TESTIGO DIRECTO
El campamento de la vergüenza
Si me concentro aún puedo sentir el dolor de ese frío seco que se colaba en los huesos allí en lo alto del monte Gurugú. Para que luego digan que África es caliente. En los campamentos de la vergüenza que durante años acogieron a miles de hombres esperando su momento para saltar la indigna valla de Melilla, la camaradería de los que estaban dispuestos a morir convertía ese pinar en un hogar confortable. La primera vez que alcanzamos esa cima con mi inseparable José Luis Roca tardamos en intercambiar una sola palabra. Nos ofrecieron una sopa caliente de arroz y un trozo de pan. Y sentados frente a una hoguera, con una taza de café entre las manos, entendimos que solo la maldad permitía que esos hombres fueran tratados como animales, apaleados, perseguidos, hostigados, humillados y vejados. Roca, que es capaz de ver lo que nadie mira, decidió recoger esa dureza en blanco y negro.
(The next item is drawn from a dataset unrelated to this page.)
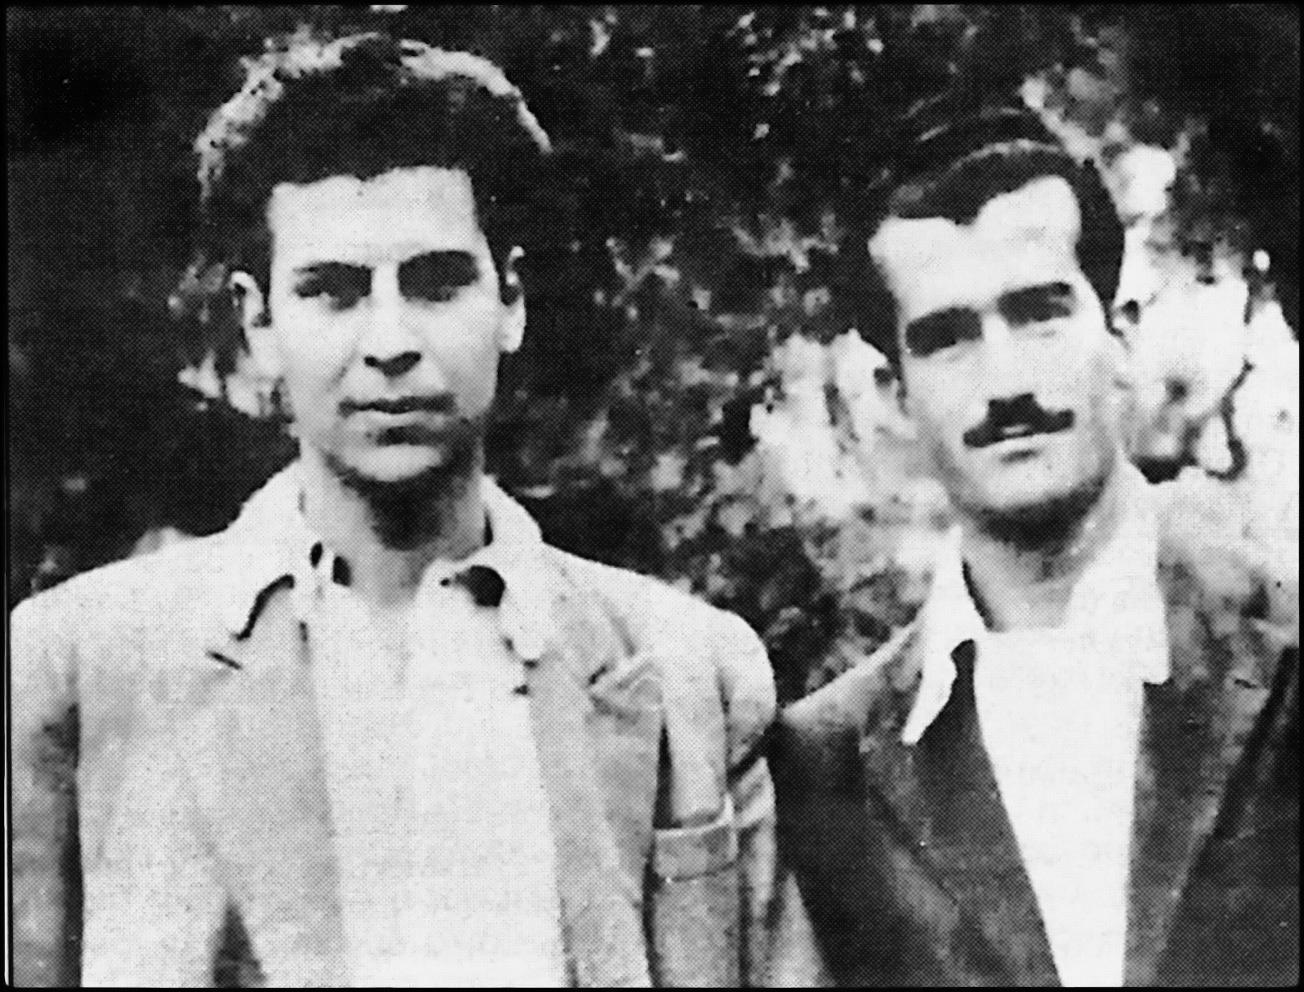 Ο Μίκης στην Ικαρία, 1947-1948

Hoy miro sus fotografías y me conmuevo. Me cuentan por teléfono desde Melilla que en los últimos tiempos las redadas de la policía y el ejército marroquí han acabado por desmantelar los campamentos. Apenas medio centenar de hombres han saltado la valla en lo que llevamos de año, frente al medio millar que ya lo había logrado para estas mismas fechas el año pasado.
Cuatro veces nos acercamos a los campos. Nunca nos pidieron nada. Nos lo ofrecieron todo. Y nos regalaron generosos los relatos de sus vidas hasta llegar a ese punto sin retorno en el que los días trancurrían despacio, apenas iluminados por la esperanza de que otros lo habían logrado.
Debió ser en marzo del año pasado cuando subimos de nuevo tras los rumores de que había una mujer. Encontramos a una niña, Mireille. Esa tarde, con el ocaso, nos dejamos arrastrar por el entusiasmo. Allí en lo alto, en un campo de fútbol con pendiente y vistas a su sueño, se disputó un partido de fútbol con jugadores de Camerún y Mali en el que Mireille brilló como delantera. No marcó. Se quejaba de una pierna. Pero horas después se convirtió en la primera mujer en saltar la valla. Al llegar a Melilla lloró por lograrlo y por todo el dolor que tenía guardado.
En las piedras del Gurugú, muchos hombres escribieron sus nombres y las ciudades de sus sueños. Otros arañaron en los árboles los meses de encierro en ese infierno.